Edward Gordon Craig auteur dramatique ? On a peine à le croire,
tant la réputation du metteur en scène anglais s'est construite sur
son utopie d'un théâtre visuel, de pur mouvement dans l'espace,
dont la parole serait bannie. Pourtant, pendant la Première Guerre
mondiale, alors que son école d'acteurs à Florence vient d'être
fermée, il imagine un cycle de 365 pièces pour marionnettes qui
serait joué par un théâtre ambulant ; lorsqu'il renonce à son projet,
au début des années vingt, une cinquantaine de textes ont été soit
achevés soit seulement esquissés, qu'il ne cessera de reprendre pour
les corriger ou les compléter pendant près de quarante ans.
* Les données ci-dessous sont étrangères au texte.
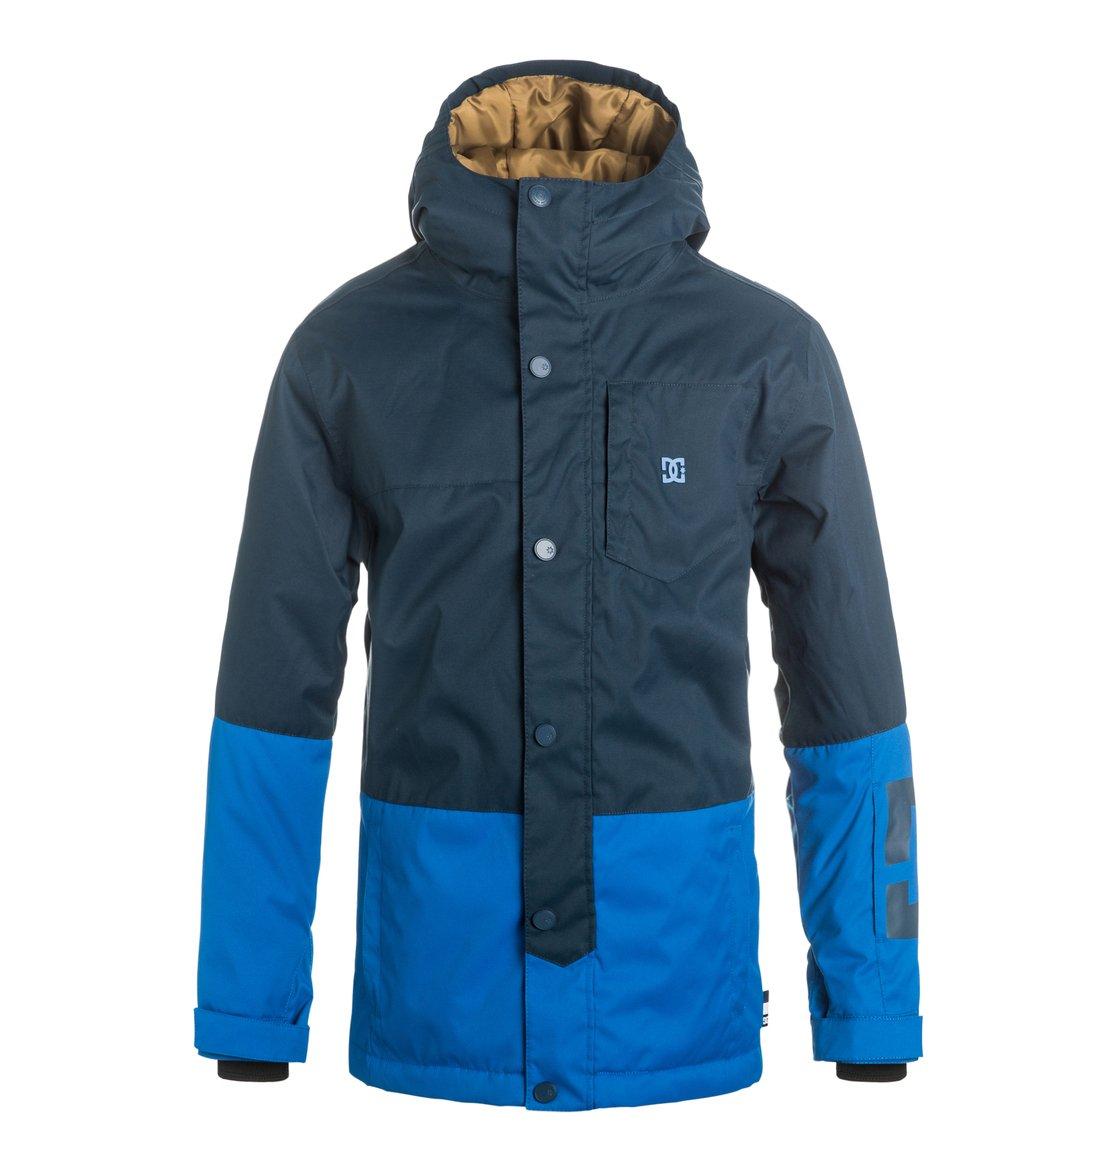 07516c0496c9 0 Boy s 8-16 Defy Snow Jacket EDBTJ03013 DC Shoes

Combinant parfois dans une même pièce manipulation à fils
et à gaine, ombres et silhouettes, jouant de toutes les ressources
du théâtre dans le théâtre et des scènes simultanées, ces textes
comiques et satiriques, presque entièrement inédits (seuls une
demi-douzaine d'entre eux ont été publiés, dans des tirages
confidentiels, du vivant de l'auteur), nous révèlent un aspect
méconnu de l'oeuvre de Craig. Mais ils nous confirment aussi le
caractère visionnaire de celle-ci, tant l'inventivité dramaturgique
dont il fait preuve se révèle d'une modernité étonnante.